Max, the one comment I saw referred to the opacity of the paper and that it allowed some ghosting of the print. How noticeable is that when you read in a good light? Is the paper very white?


----------



## Notthemama1984 (Jan 14, 2010)

I am not trying to call anyone a liar by any means and I do appreciate quality. That being said, my dad's Bible (which was just some common 20 dollar Bible) has lasted for nearly 30 years. The reason is not necessarily quality, but rather how it was handled. I on the other hand runs through Bibles frequently because of the wear and tear that happens while in military training. It is not uncommon to see duct tape Bibles among soldiers. 

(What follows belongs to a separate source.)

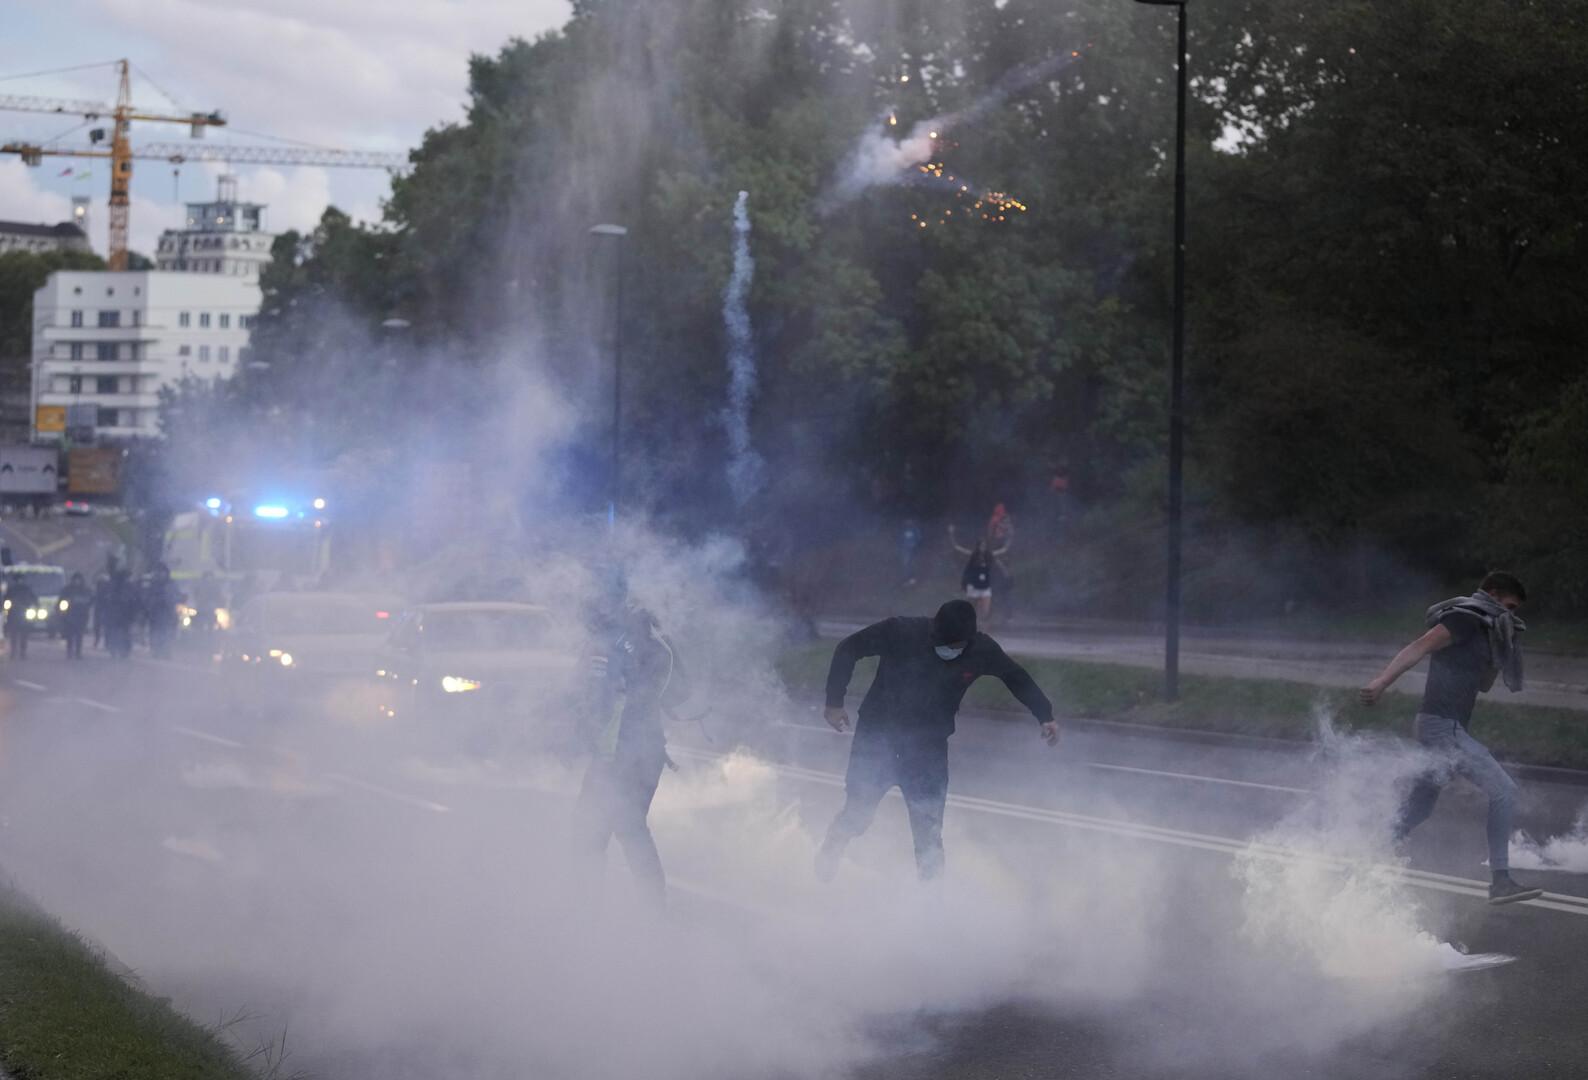 شرطة سلوفينيا تشتبك مع محتجين قبل قمة أوروبية مقررة غدا

So it isn't that a Bible can't last a lifetime, just not under my circumstances.


----------



## etexas (Jan 14, 2010)

Berean said:


> Max, the one comment I saw referred to the opacity of the paper and that it allowed some ghosting of the print. How noticeable is that when you read in a good light? Is the paper very white?


Actually this is the Single Best EDITION, I have seen, I just read the first 3 Chapters of John, I notice little ghosting, Bible paper, even the best quality, French milled, India...is but need thin, so, looking carefully at even a fine Bible you might see a little. This EDITION, I had to angle to the light and put my eyes close...it is hard to to see!


----------



## etexas (Jan 14, 2010)

I got the brown 3 ribbon! One OT one Psalter one NT


----------



## Andres (Jan 14, 2010)

Chaplainintraining said:


> I am not trying to call anyone a liar by any means and I do appreciate quality. That being said, my dad's Bible (which was just some common 20 dollar Bible) has lasted for nearly 30 years. The reason is not necessarily quality, but rather how it was handled. I on the other hand runs through Bibles frequently because of the wear and tear that happens while in military training. It is not uncommon to see duct tape Bibles among soldiers.
> 
> So it isn't that a Bible can't last a lifetime, just not under my circumstances.



Boliver, your bibles wear out so much because you read them so much kind sir. You are too godly for us. 

Seriously though, my first thought was that I would never spend that much on a bible either. Over a $100?!! Come on, a person could make better use of their money than that! Then I stopped and thought about all the things that I have spent over $130 on in my lifetime....I don't want to tell you all because some of it is downright embarrassing!  The point is, everybody has different passions, hobbies, and loves in life. What one person might choose to invest their own $$ in may not be what I would choose, but I doubt they would spend their money on many things I spend mine on. 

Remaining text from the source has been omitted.